Data Types are an important concept of statistics, which needs to be understood, to correctly apply statistical measurements to your data and therefore to correctly conclude certain assumptions about it. This blog post will introduce you to the different data types you need to know, to do proper exploratory data analysis (EDA), which is one of the most underestimated parts of a machine learning project.
Categorical data represents characteristics. Therefore it can represent things like a person’s gender, language etc. Categorical data can also take on numerical values (Example: 1 for female and 0 for male). Note that those numbers don’t have mathematical meaning.
Nominal values represent discrete units and are used to label variables, that have no quantitative value. Just think of them as “labels”. Note that nominal data that has no order. Therefore, if you would change the order of its values, the meaning would not change.
The nominal data are examined using the grouping method. In this method, the data are grouped into categories, and then the frequency or the percentage of the data can be calculated. These data are visually represented using the pie charts.
Ordinal values represent discrete and ordered units. It is therefore nearly the same as nominal data, except that it’s ordering matters.

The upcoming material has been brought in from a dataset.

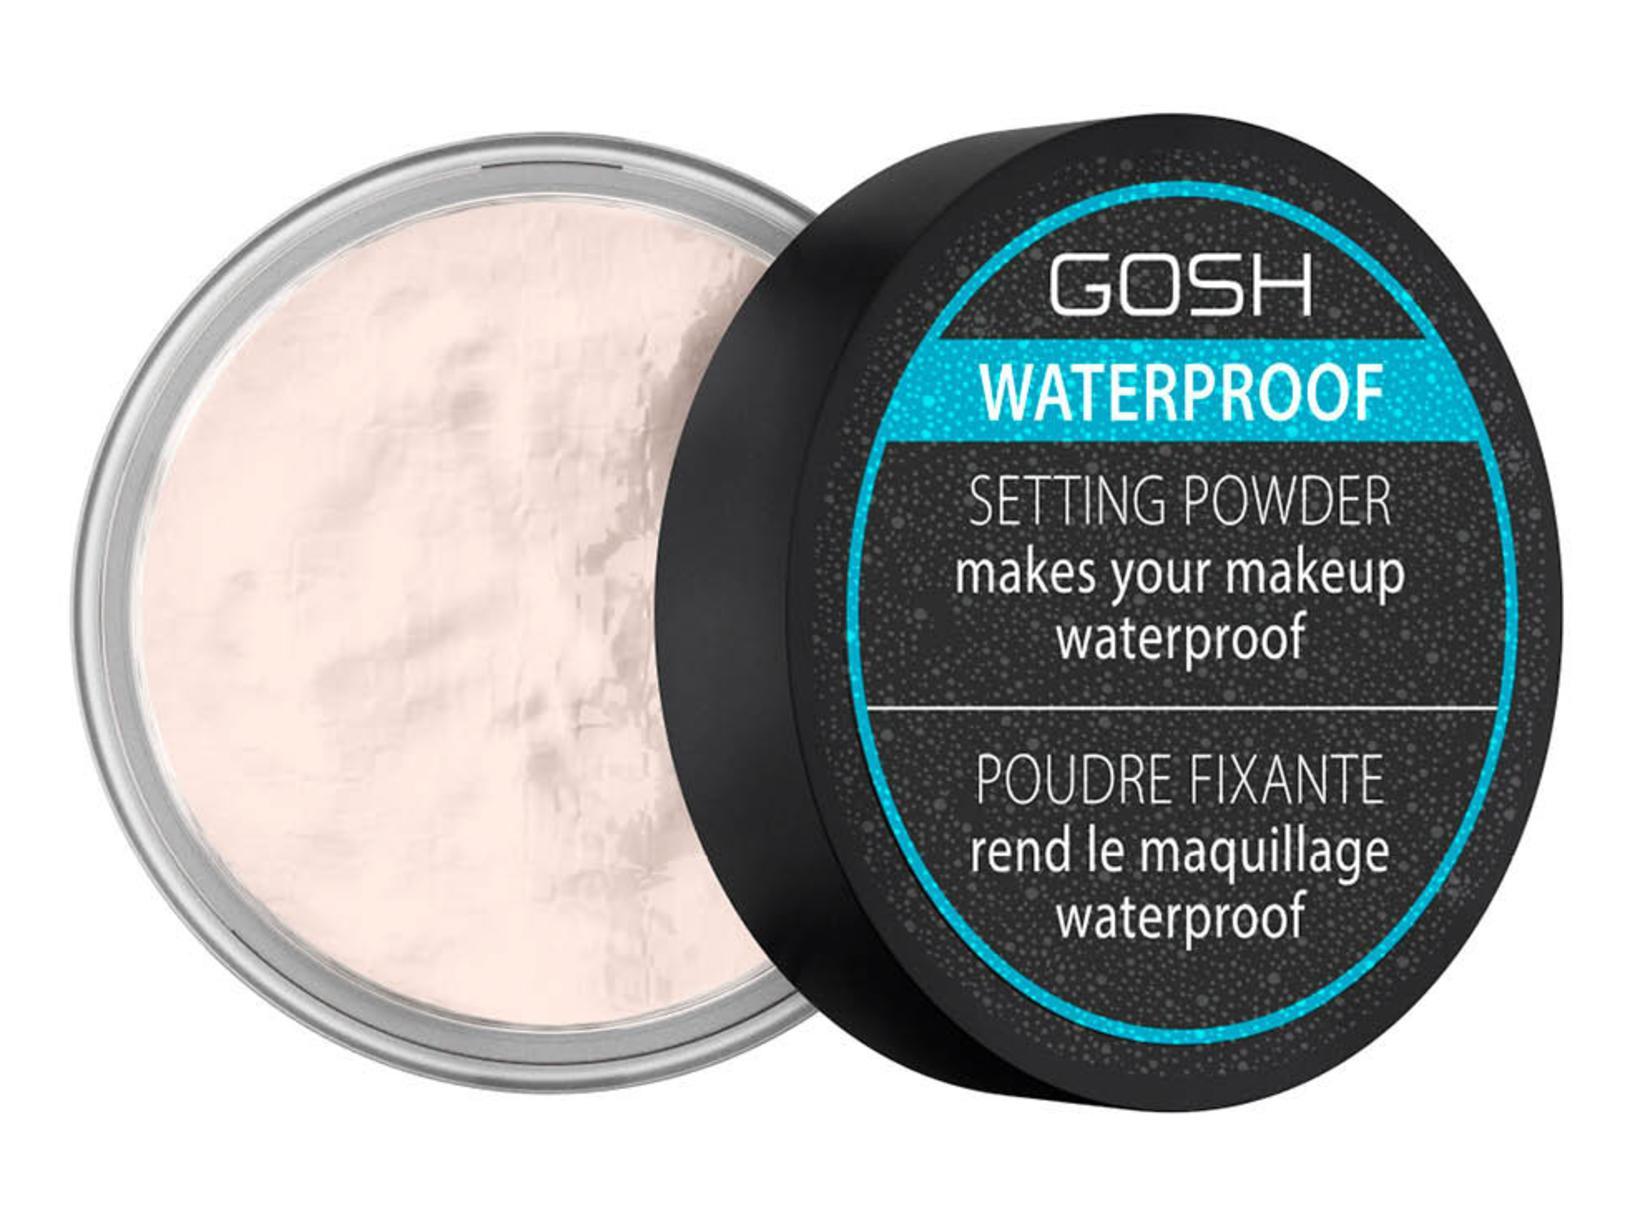 GOSH Waterproof Setting Powder, 1.499 kr.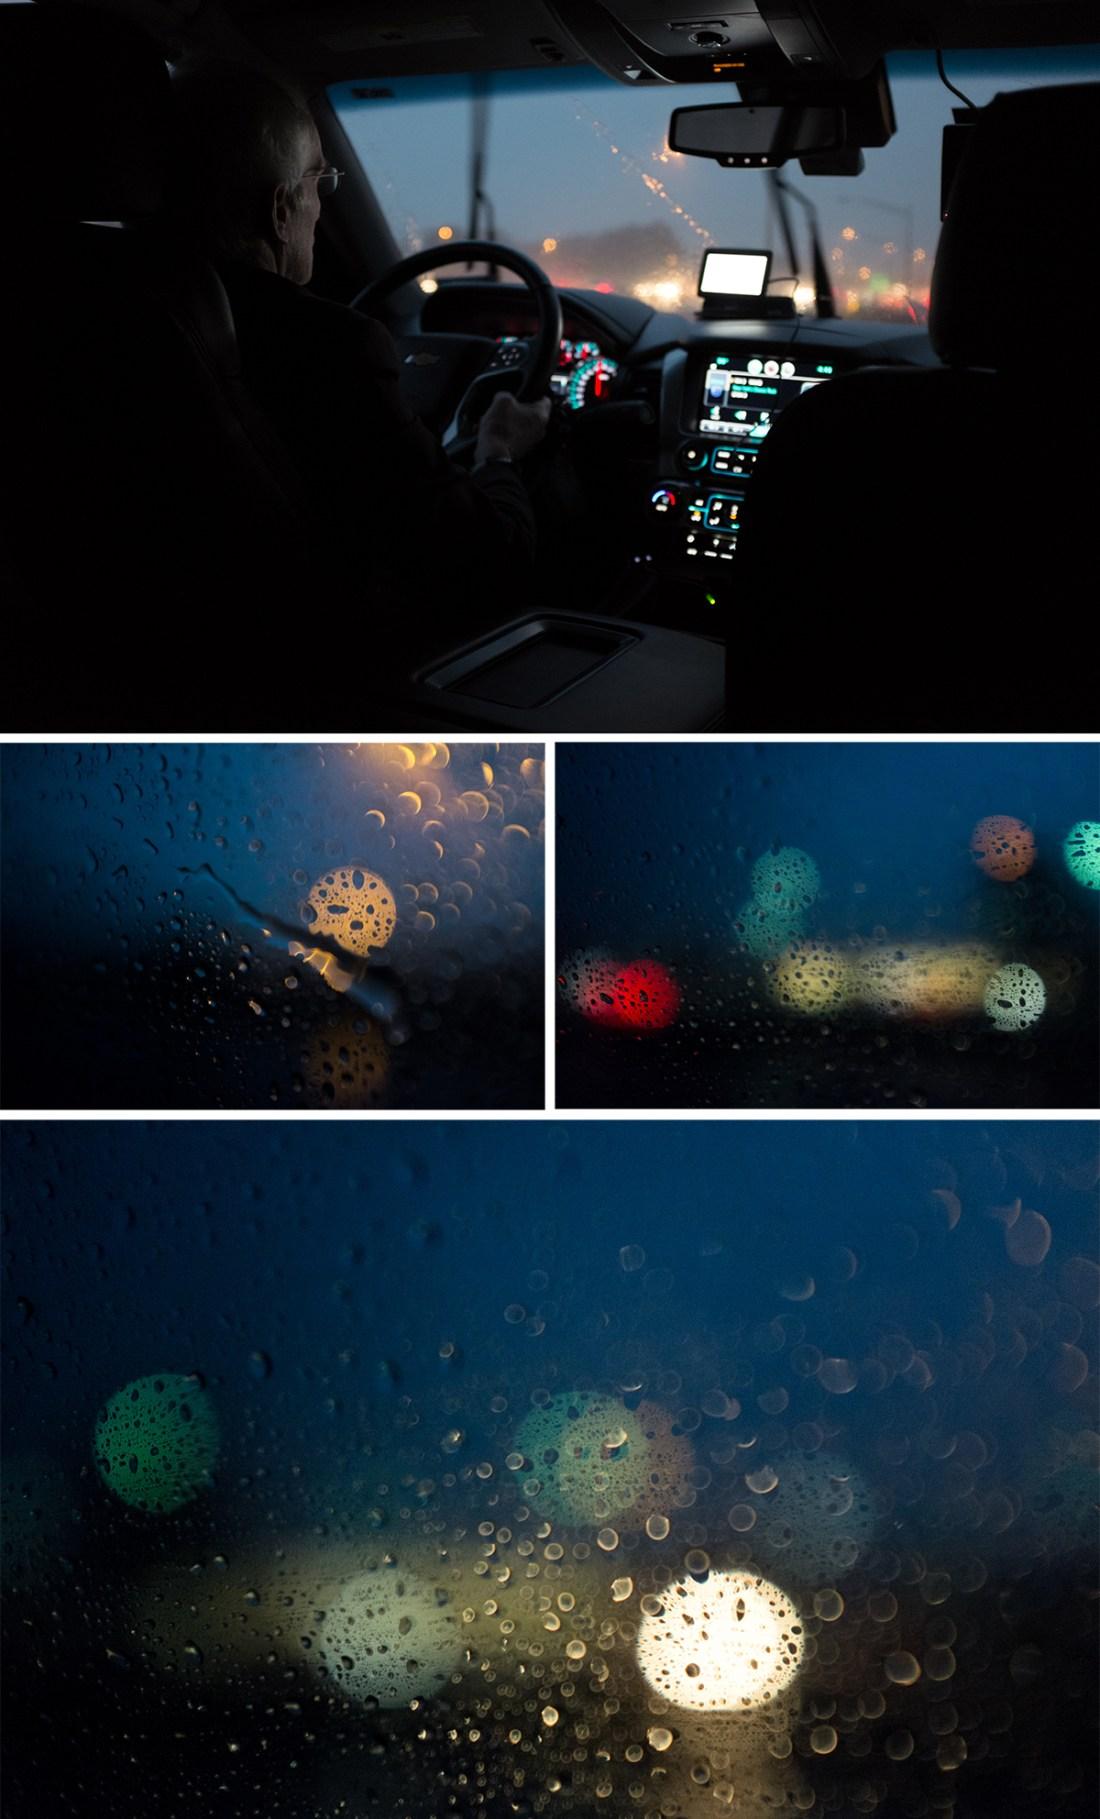 rainy-drive-to-airport

The ordinal data is commonly represented using a bar chart. These data are investigated and interpreted through many visualization tools. The information may be expressed using tables in which each row in the table shows the distinct category.
- Discrete Data
We speak of discrete data if its values are distinct and separate. In other words: We speak of discrete data if the data can only take on certain values. This type of data can’t be measured but it can be counted. It basically represents information that can be categorized into a classification. An example is the number of heads in 100 coin flips.
You can check by asking the following two questions whether you are dealing with discrete data or not: Can you count it and can it be divided up into smaller and smaller parts?
- Continuous Data
Continuous Data represents measurements and therefore their values can’t be counted but they can be measured. An example would be the height of a person, which you can describe by using intervals on the real number line.
Interval values represent ordered units that have the same difference. Therefore we speak of interval data when we have a variable that contains numeric values that are ordered and where we know the exact differences between the values.
The problem with interval values data is that they don’t have a „true zero“. That means in regards to our example, that there is no such thing as no temperature. With interval data, we can add and subtract, but we cannot multiply, divide or calculate ratios. Because there is no true zero, a lot of descriptive and inferential statistics can’t be applied.
Ratio values are also ordered units that have the same difference. Ratio values are the same as interval values, with the difference that they do have an absolute zero. Good examples are height, weight, length etc.